Dans le premier chapitre, Rousseau, conformément à sa critique de la conception par Hobbes du contrat politique, affirme que « la souveraineté est inaliénable ». Cela signifie donc que la souveraineté ne peut pas se perdre, se transmettre, ni être abandonnée définitivement : « Je dis donc que la souveraineté, n'étant que l'exercice de la volonté générale, ne peut jamais s'aliéner, et que le souverain, qui n'est qu'un être collectif, ne peut être représenté que par lui-même ; le pouvoir peut bien se transmettre, mais non pas la volonté. »
Avec pour principe politique que la souveraineté que chacun a sur lui-même ne peut pas se déléguer, le peuple, également, ne peut pas abandonner sa souveraineté. Il ne faut donc pas confondre déléguer ou donner un pouvoir à des représentants politiques – députés, chef de l'État – et leur transférer sa part de souveraineté. Les représentants et les mandants du peuple se contentent d'exprimer la volonté du peuple.
En revanche, un pouvoir peut se transmettre. Par exemple, le juge exerce un pouvoir – celui d'appliquer la loi –, mais il le fait en respectant la volonté du peuple qui est inscrite dans les lois. La loi est le réceptacle de « la volonté générale ». Cette dernière expression est fondamentale pour l'auteur. Elle est la volonté du peuple en son entier qui se formule dans et par la loi. Elle est, par conséquent, le produit de la souveraineté du peuple. Quand le peuple décide pour lui-même en visant le bien commun, on parle de « volonté générale ».
La volonté d'un seul ne peut jamais systématiquement correspondre à la volonté générale. C'est pour cela qu'un peuple ne peut pas transmettre sa volonté. Cela reviendrait aussi, pour le peuple, à se « donner des chaînes pour l'avenir ». Or, il est absurde de vouloir se nuire : ici, de vouloir renoncer à sa volonté. Dans le même ordre d'idées, un peuple qui ne ferait par conséquent qu'obéir ne serait pas un peuple au sens de corps politique – unité –, mais un simple ensemble d'individus, tous soumis au même maître.
Selon Rousseau, un peuple qui obéit n'est plus un peuple.
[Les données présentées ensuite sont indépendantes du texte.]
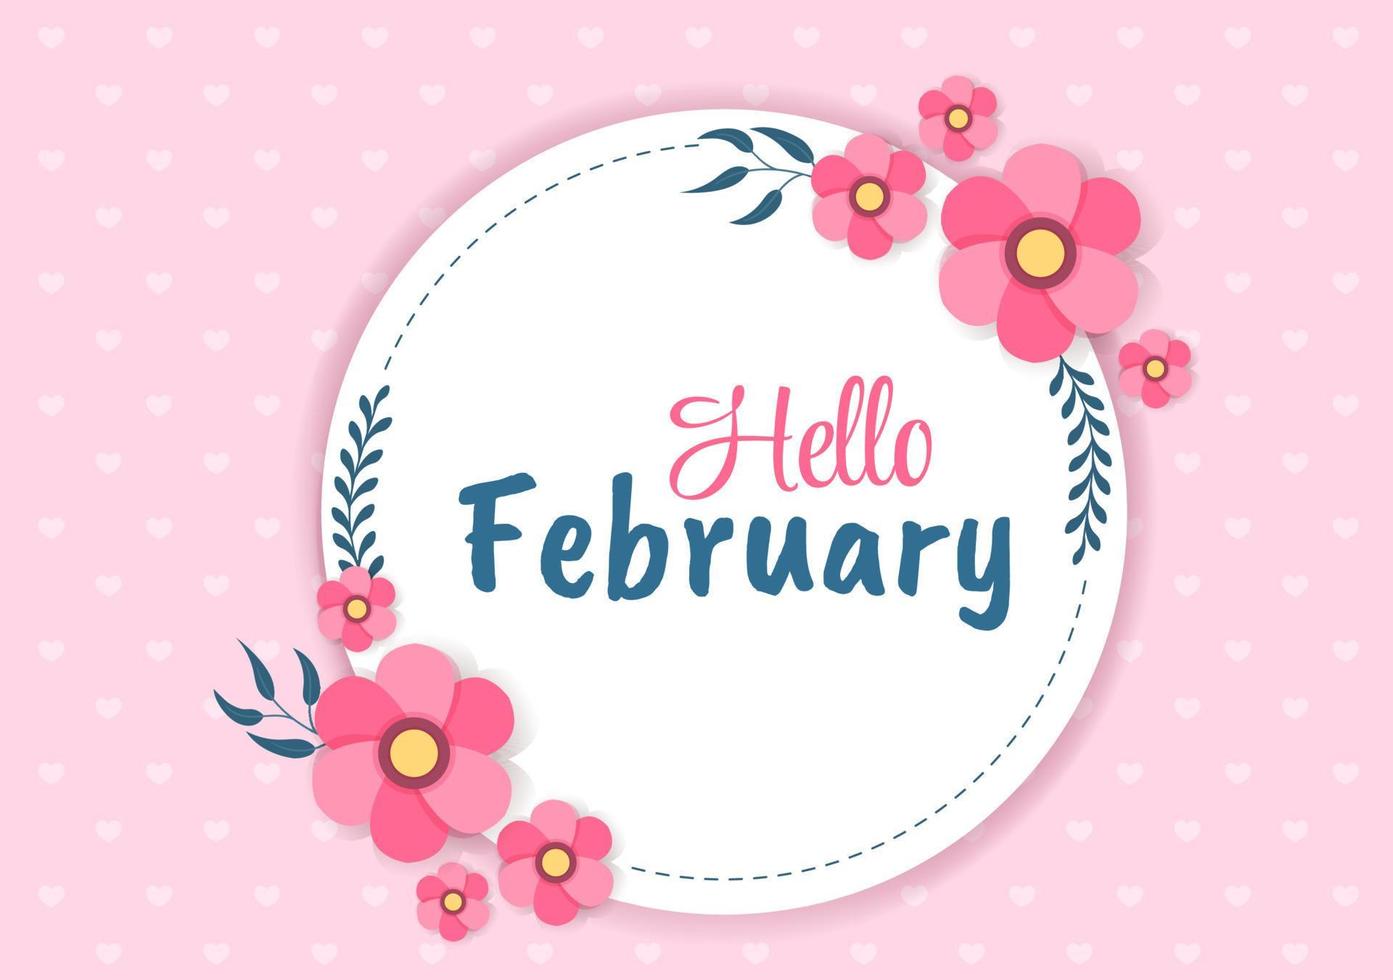 bonjour le mois de février avec des fleurs, des coeurs, des feuilles et des lettres mignonnes pour le fond de la décoration dans l'illustration de modèles dessinés à la main de dessin animé plat vecteur

Il défend une conception politique du peuple – ni historique, ni culturelle, ni ethnique, etc. C'est l'exercice de sa souveraineté qui fait exister le peuple en tant que tel. Donc le peuple n'obéit jamais. Seuls les individus obéissent mais, dans ce cas, au peuple souverain lui-même. Donc en un sens à eux-mêmes. « L'obéissance à la loi qu'on s'est prescrite est liberté » avait déjà écrit Rousseau dans le livre I.